# Backfeeder Mods & Ideas



## prairiestate (Jun 15, 2019)

There was a thread on this circuit on the old forum, so let's get it going again and make this a resource

First, I got the PCB with the mistake -
What is everyone's experience with a suitable replacement for the 2SC732?

Reducing clipping -
I believe lifting D5 and D6 works. You could place them on a toggle or not install them

LFO speed -
Anyone have any experience?
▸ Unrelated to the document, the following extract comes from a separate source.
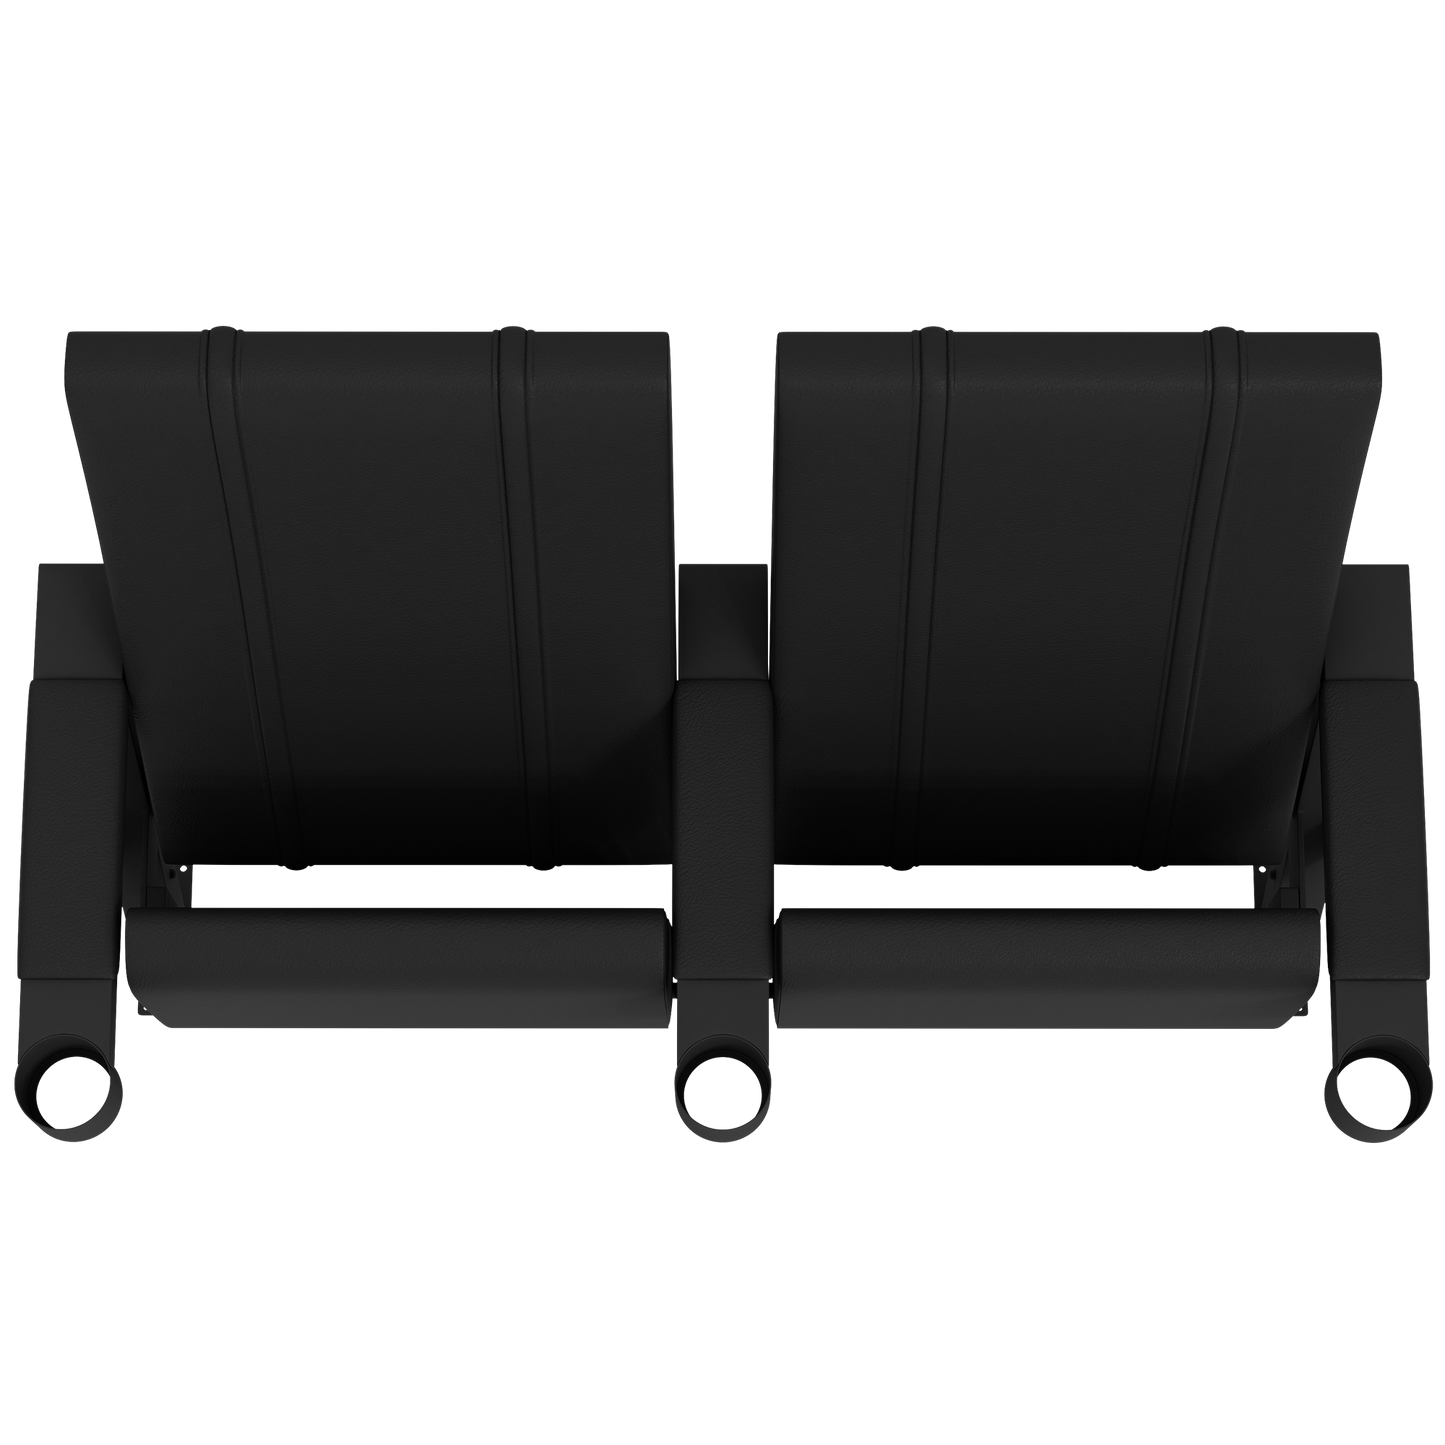 SuiteMax 3.5 VIP Seats with Western Michigan Broncos Logo

I'm looking at IC7.1. R21 perhaps?


----------



## Chuck D. Bones (Jul 1, 2019)

The bottom path (Q2, IC7.2, IC8.2) is basically a DS-1.  Taking out D5 & D6 will definitely reduce the clipping, but Q2 is easily overdriven and can contribute a fair amount of distortion.  If you want a real clean path, you need to also change R29 & R30 (a common DS-1 mod).  Try the diodes first and see if that's good enough.

What do you want to do with the LFO?  Go faster or slower?  By how much?  The LFO freq is proportional to 1 / (R21 * (C14 + C15)).  I would not go much higher with R21, because R25 and C18 are loading the LFO timing circuit.  If R21 gets too big, the LFO will not operate correctly.  You can make C14 & C15 bigger or smaller.


----------



## Ariosto (Jul 9, 2019)

Did you already made the mods? Are the results satisfying?


----------